(The Center Square) – More than 213,000 long-dormant voter registrations were removed from Michigan’s Qualified Voter File over the past year, according to a preliminary analysis released Tuesday by the Michigan Fair Elections Institute.
The report points to a 38.2% drop in “active non-voter” registrations – those showing no voting activity or address updates for six or more years – falling from 558,627 in September 2025 to 345,263 as of April 1.
“The numbers are encouraging,” said Mark Vaeth, the analyst who conducted the review using Freedom of Information Act data from the Michigan Secretary of State’s office. “They do suggest real progress is being made on the long-inactive registrations we have been tracking.”
The analysis comes as concerns over election integrity remain central in Michigan and nationally.
The registrations flagged in the report had remained listed as “active” despite years, or decades, of inactivity. According to the MFEI, some records dated back to the George W. Bush administration, including entries with no updates for more than 15 years.
In a sample of 384 long-inactive registrants, 139 showed no activity since 2009 or earlier. Of those, 122 (or 87.8%) are now coded as challenged, pending or removed. Based on that rate, the report estimates roughly 187,000 pre-2010 registrations have been cleared statewide.
MFEI founder and chairperson Patrice Johnson told The Center Square in an exclusive interview that the analysis was prompted by a lack of independent data on the condition of the state’s voter rolls.
“The short answer is that nobody else was doing it,” Johnson said. “If the state won’t produce rigorous, independent data on the condition of the voter rolls, we will.”
The report highlighted the need for ongoing list maintenance. While 213,364 registrations were removed, 50,738 new registrants entered the monitored inactive pool during the same period, bringing the total to 396,001.

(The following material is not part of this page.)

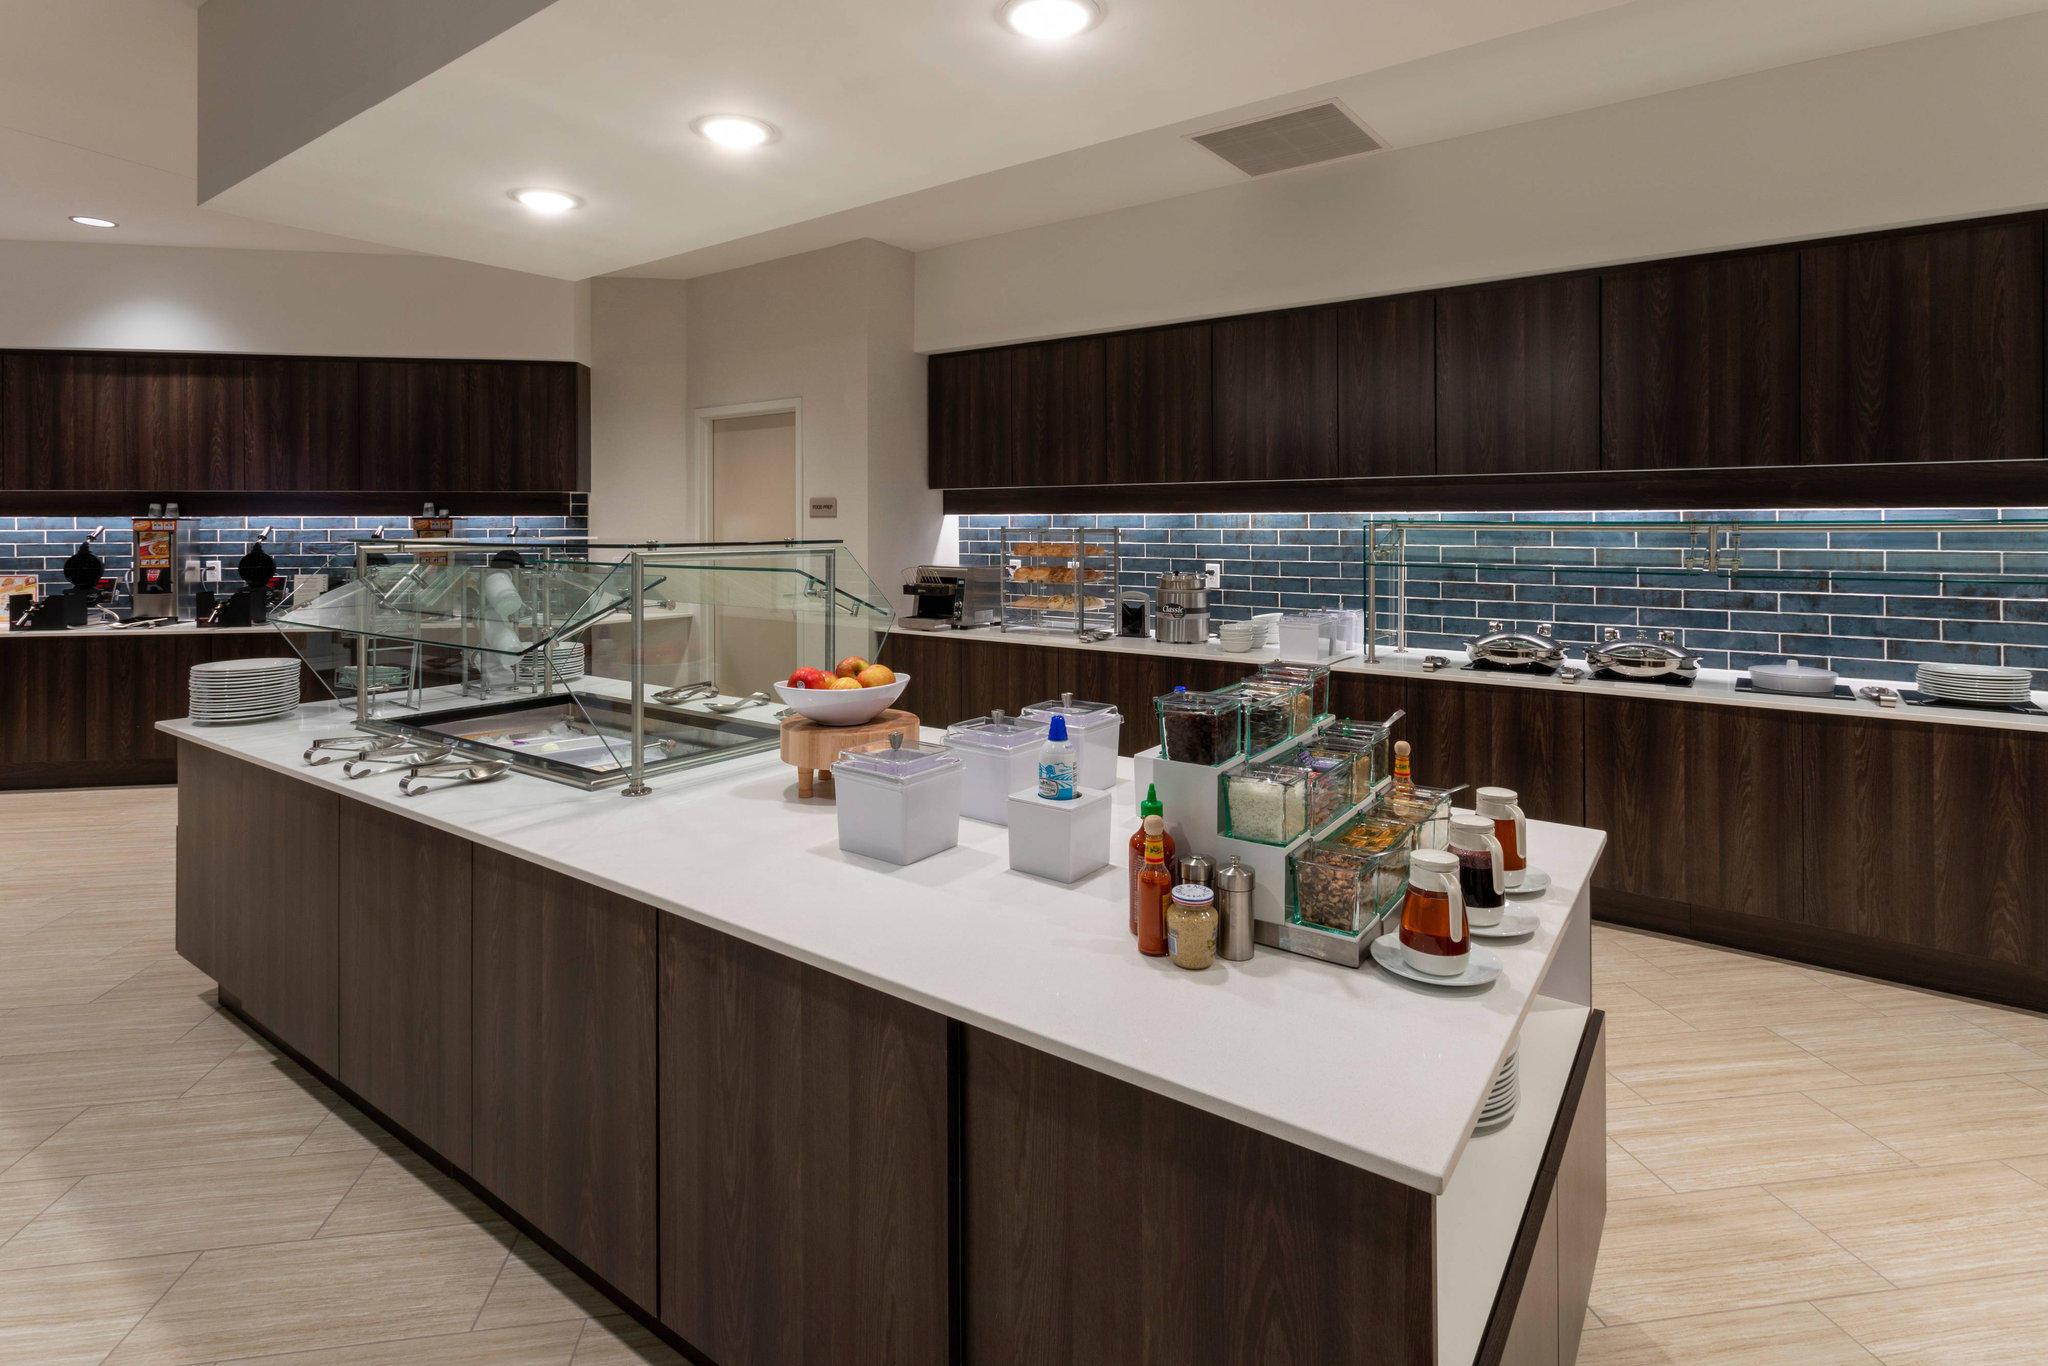 Residence Inn by Marriott Minneapolis Maple Grove/Arbor Lakes
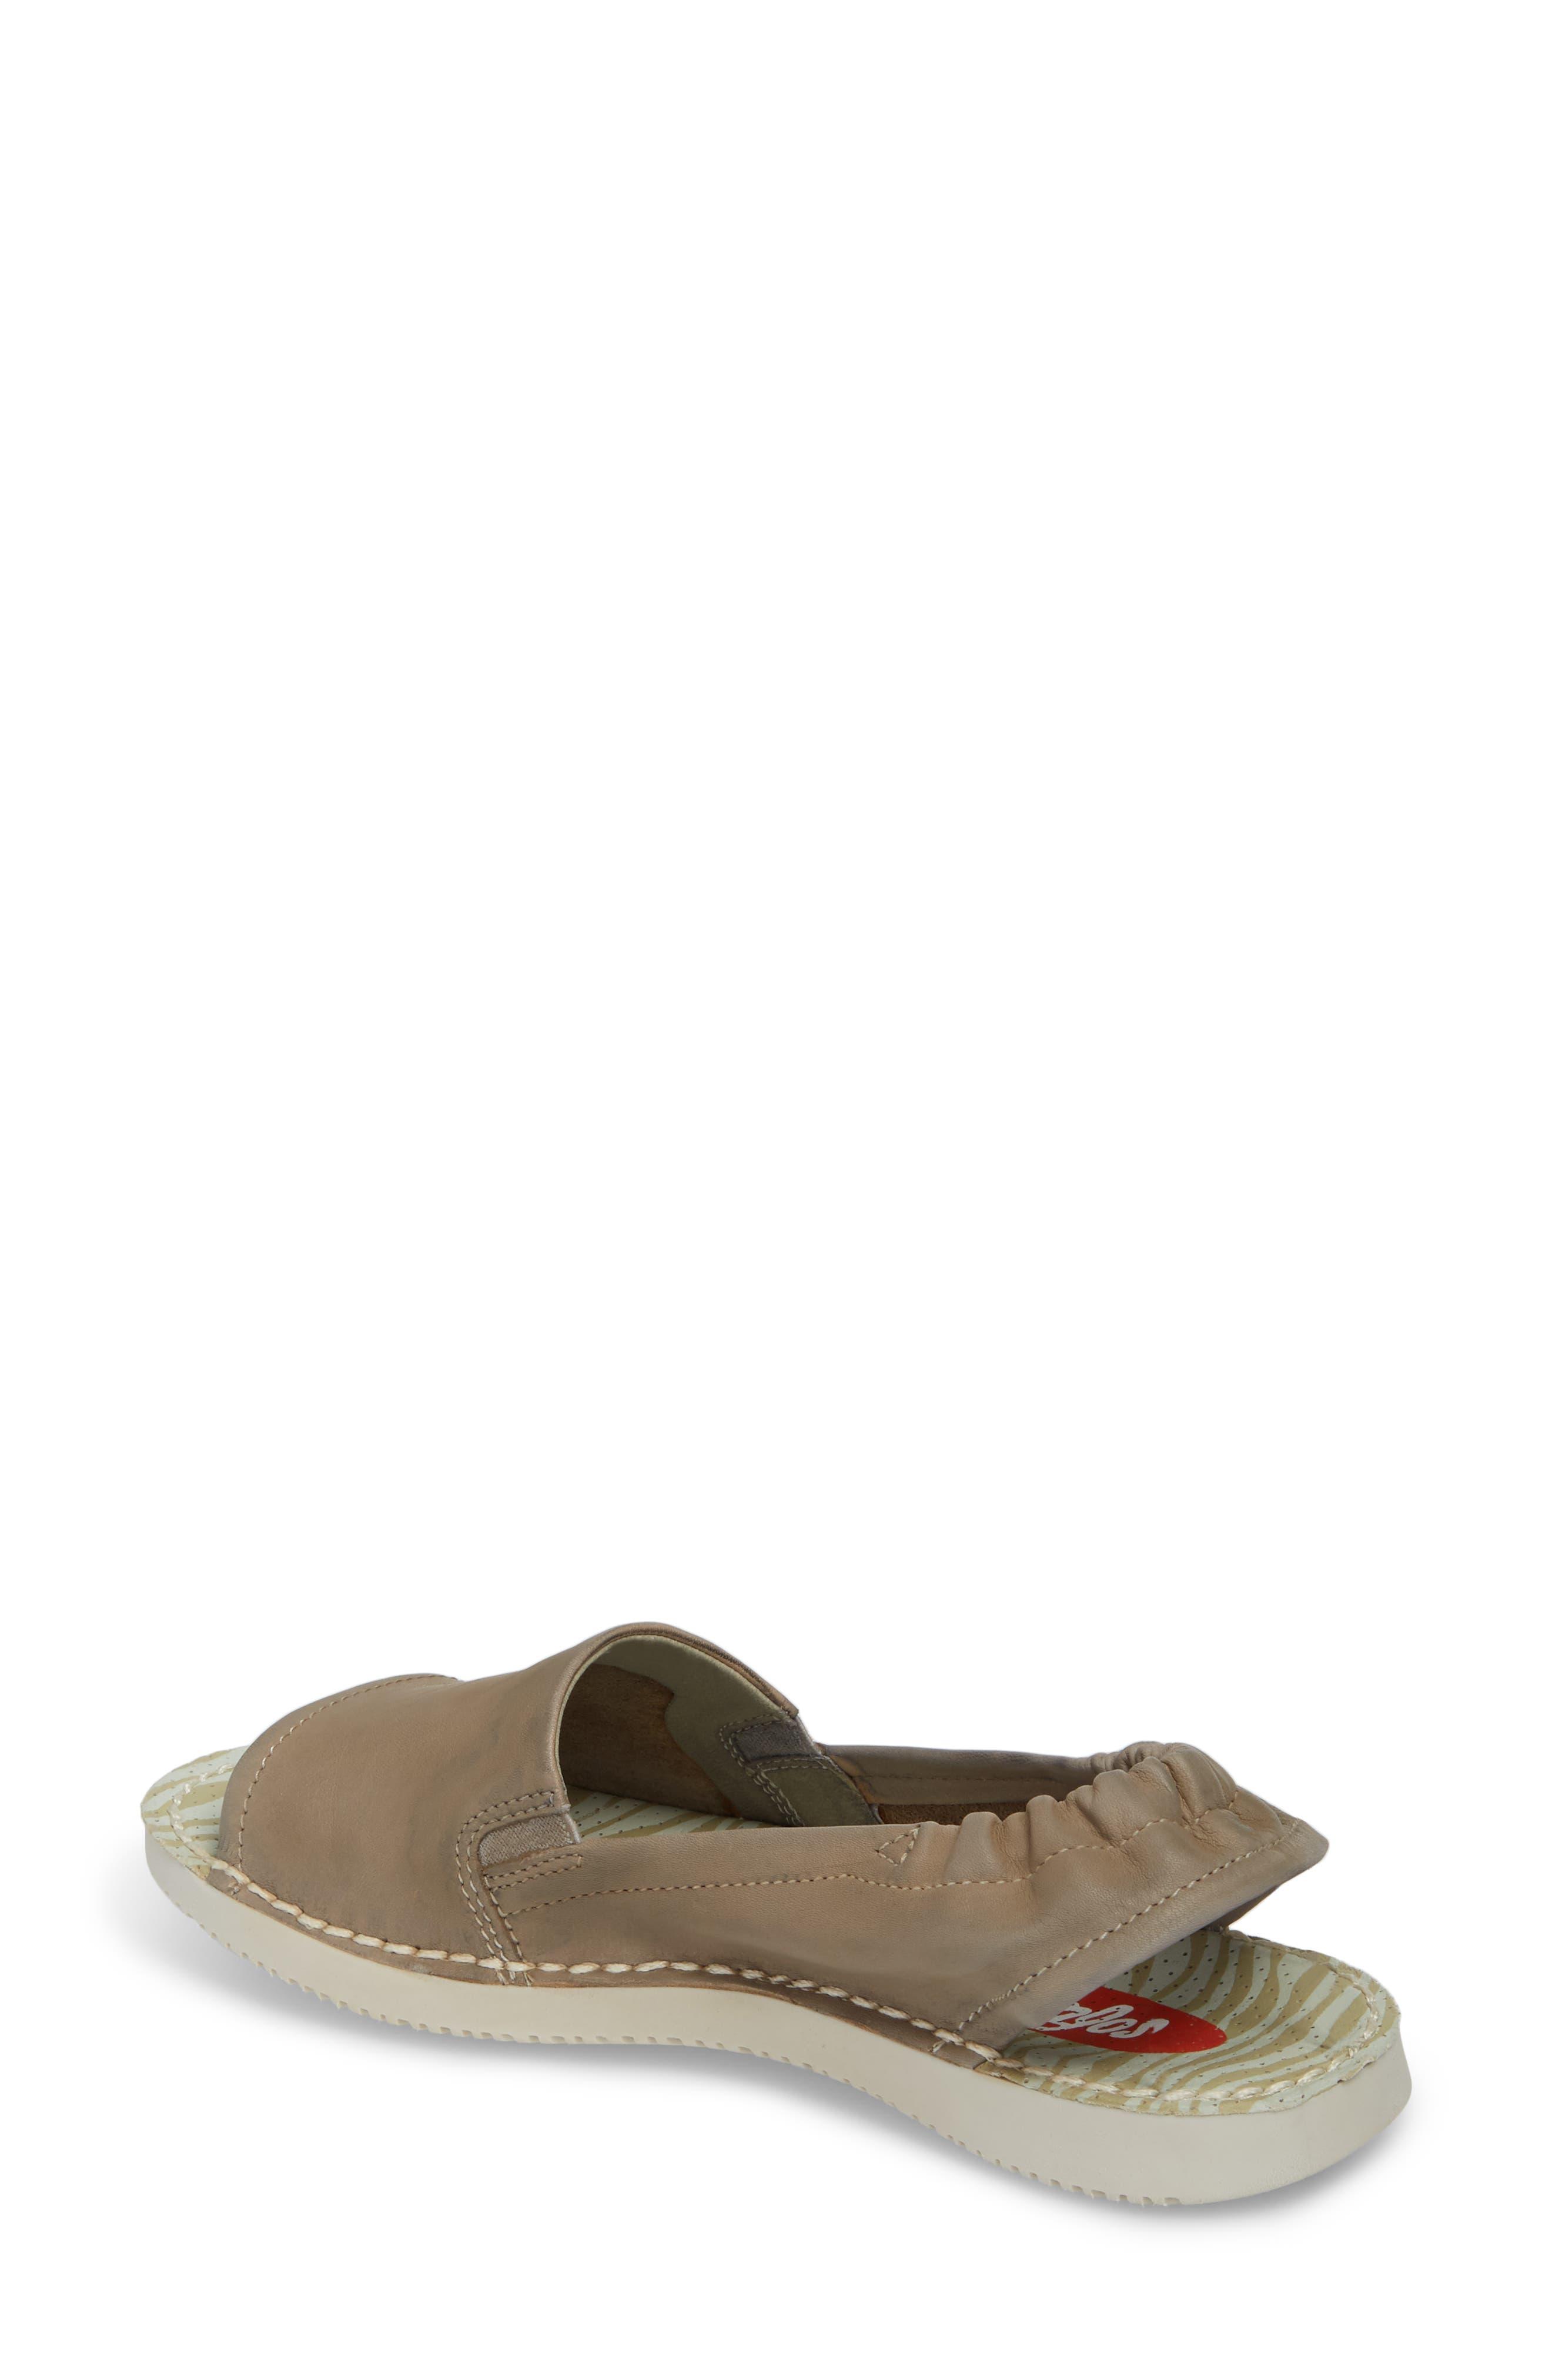 Tee Flat Sandal,                             Alternate thumbnail 2, color,                             Taupe Leather

“The structural problem that allowed this backlog to accumulate in the first place is still embedded in Michigan’s administrative rules,” Johnson explained. “Cleaner rolls today do not guarantee cleaner rolls tomorrow without permanent audit authority.”
A full audit of the voter rolls is not expected until 2027.
State Rep. Rachelle Smit, R-Shelbyville, applauded the MFEI but said the state needs to take on more responsibility.
“No citizen organizations should have to submit FOIA requests, analyze half a million registrations, and run a legislative correspondence campaign to get the state to do what federal law already requires,” Smit said. “That is what MFEI and PIME did – and the 38.2% reduction in ghost registrations is proof it mattered.”
Despite the reduction, 345,263 registrations from the originally flagged group remain active. Johnson said the removals represent progress ahead of the 2026 election cycle but do not resolve underlying issues.
“Accurate voter rolls are the foundation of election integrity. Every ineligible registration that remains on the file is a potential vector for error or manipulation—an absentee ballot that can be requested, a name that can be checked in at the polls,” she said. “Removing 213,000 long-inactive registrations, particularly the pre-2010 records that had survived 15 years of election cycles untouched, meaningfully reduces that risk heading into November 2026. But I want to be precise: this is progress, not completion.”